We organised the discussion under eight thematic headings:

  1. 1.

    Model Purpose

  2. 2.

    The Rock Model

  3. 3.

    The Property Model

  4. 4.

    Upscaling Flow Properties

  5. 5.

    Handling Uncertainty

  6. 6.

    Generic reservoir types

  7. 7.

    Models for storage

  8. 8.

    Workflows

In order to achieve good model design within each of these themes, we need to access a selection of data manipulation and mathematical modelling tools, including those for seismic analysis, petrophysical analysis, geological modelling, statistical estimation, fluid flow simulation and analysis of outcomes. This is a rather long list of tools and functions, typically handled by several different computer software packages often linked by spreadsheets. The quest for a fully integrated subsurface data package will no doubt continue, and we welcome those efforts, but is likely to be compromised by the development of new niche tools, and we live with this. The primacy of the geological concept in deciding what information to capture in a reservoir model does, however, give us a framework for addressing the subsurface data integration challenge. The first step in reservoir modelling is always to think rather than click.

We have tried to hold two important themes in balance:

  1. 1.

    The rock: the conceptual geological model. The first concept, “it’s a river-dominated delta system”, could be wrong but that is better than having no concept formulated at all. Better still, we should have several reservoir concepts that can be tested and refined during the modelling process, e.g. “we think it’s a fluvially dominated system, but there are indications of tidal influence so we need to test tidal versus fluvial deltaic models.”

  2. 2.

    The fluid: the physics of the system. Fluid flows have their own natural averaging processes. Not all geological detail matters, and the geological heterogeneities that do matter depend on the fluid flow system. Low viscosity fluids are more indifferent to rock heterogeneity than high viscosity fluids and all multiphase fluid systems are controlled by the balance of capillary, viscous and gravity forces on the fluid displacement processes.

Because rock-fluid interactions are multi-scale – from the microscopic pore-scale (μm) to the macroscopic rock architecture scale (km) – we need a framework for handling data as a function of scale. The concept of the Representative Elementary Volume (REV) has been identified as absolutely fundamental to understanding and using reservoir property data. If your measurements are not representative and your flow properties are estimated at the wrong length scale the modelling effort is undermined and the outcomes generally poor. The multi-scale REV concept gives us a framework for determining which measurements and averages are useful and which model scales and grid sizes allow us to make reasonable forecasts given that data. This is not a trivial task, but it does give us a basis for deciding how confident we are in our analysis of flow properties.

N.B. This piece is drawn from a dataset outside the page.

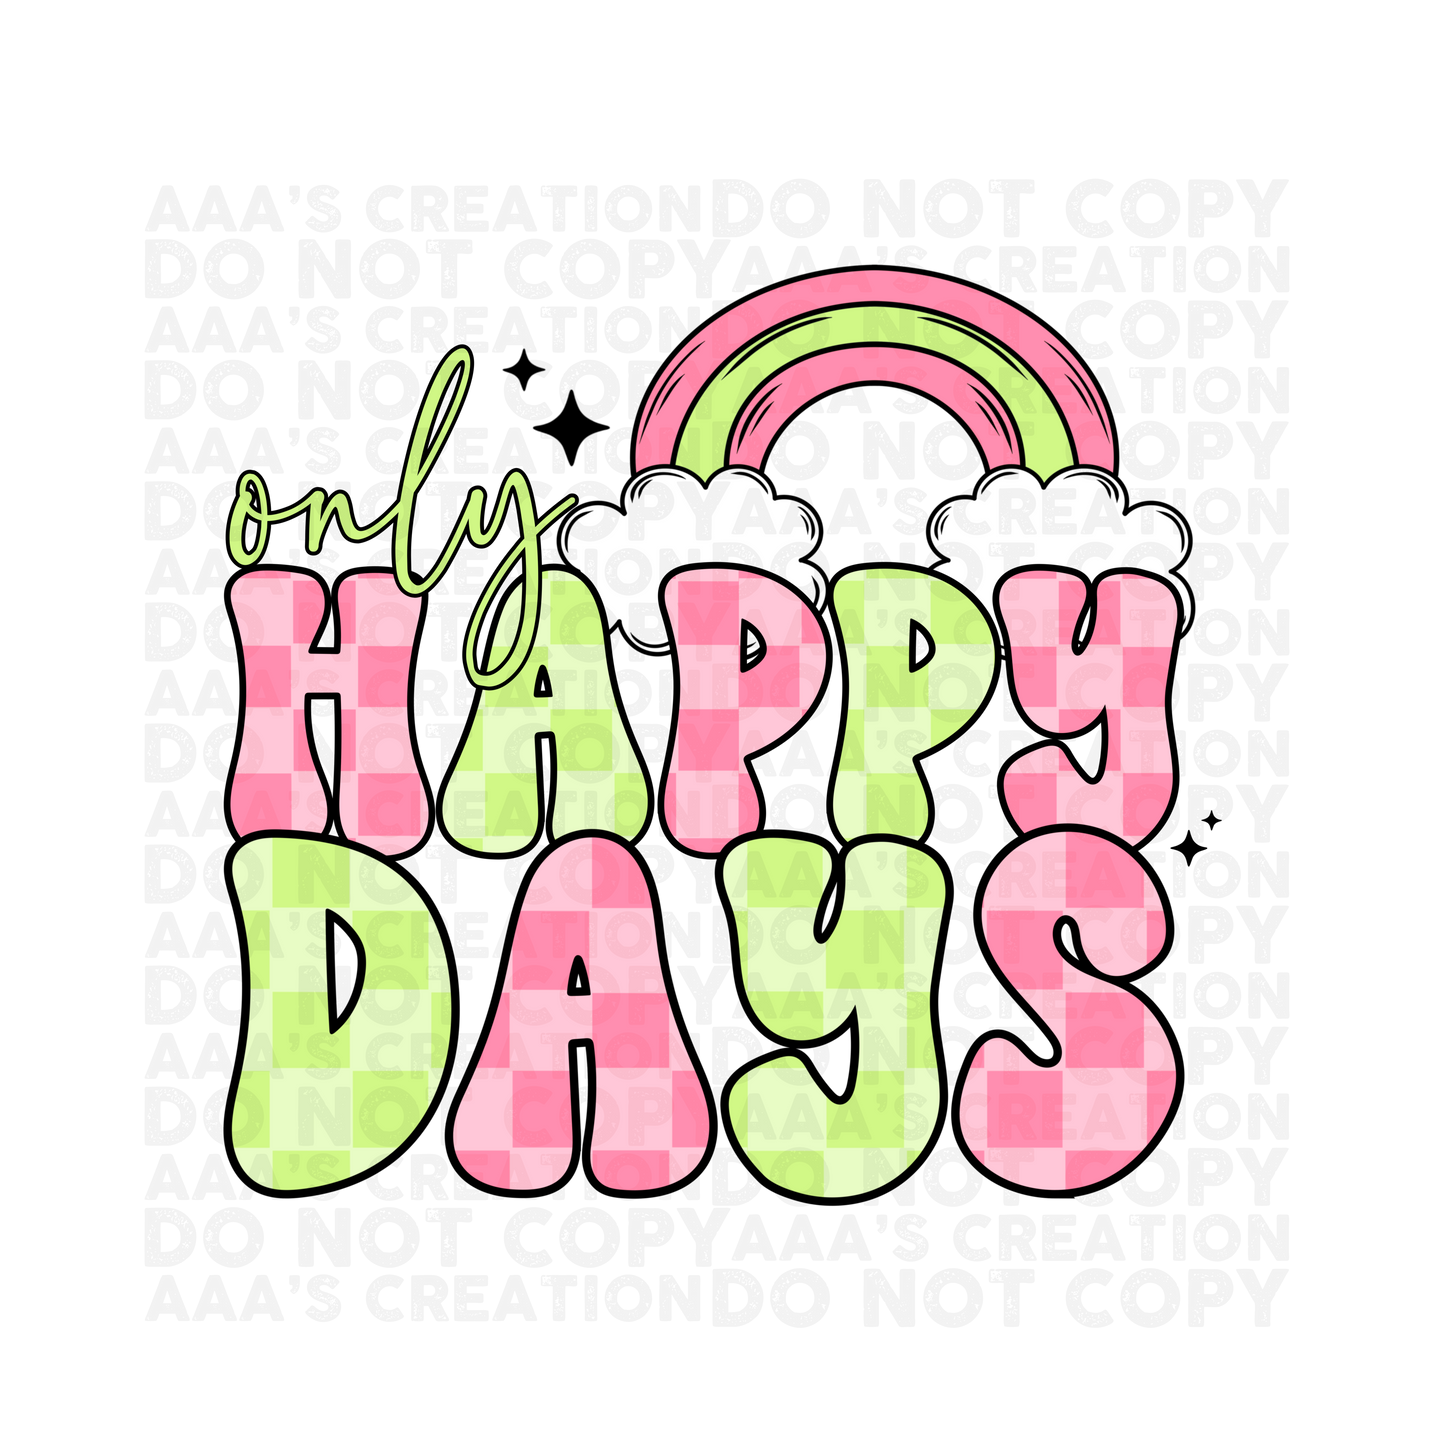 Only Happy Days Decal - Positive Thoughts & Rainbow

Subsurface data analysis leads us quickly into the domain of ‘lies and statistics.’ Geostatistical tools are immensely useful, but also very prone to misuse. A central challenge in reservoir modelling is that the data we have is usually imperfect and statistically insufficient. When making estimates based on incomplete data we cannot rely on statistics alone – we must employ intuition and hypothesis. To put this simply in the context of reservoir data, if we wish to know the porosity and permeability of a given reservoir unit that answer is seldom found in a simple average. The average can be wrong for several reasons:

  • Some data points could be missing – incomplete sampling.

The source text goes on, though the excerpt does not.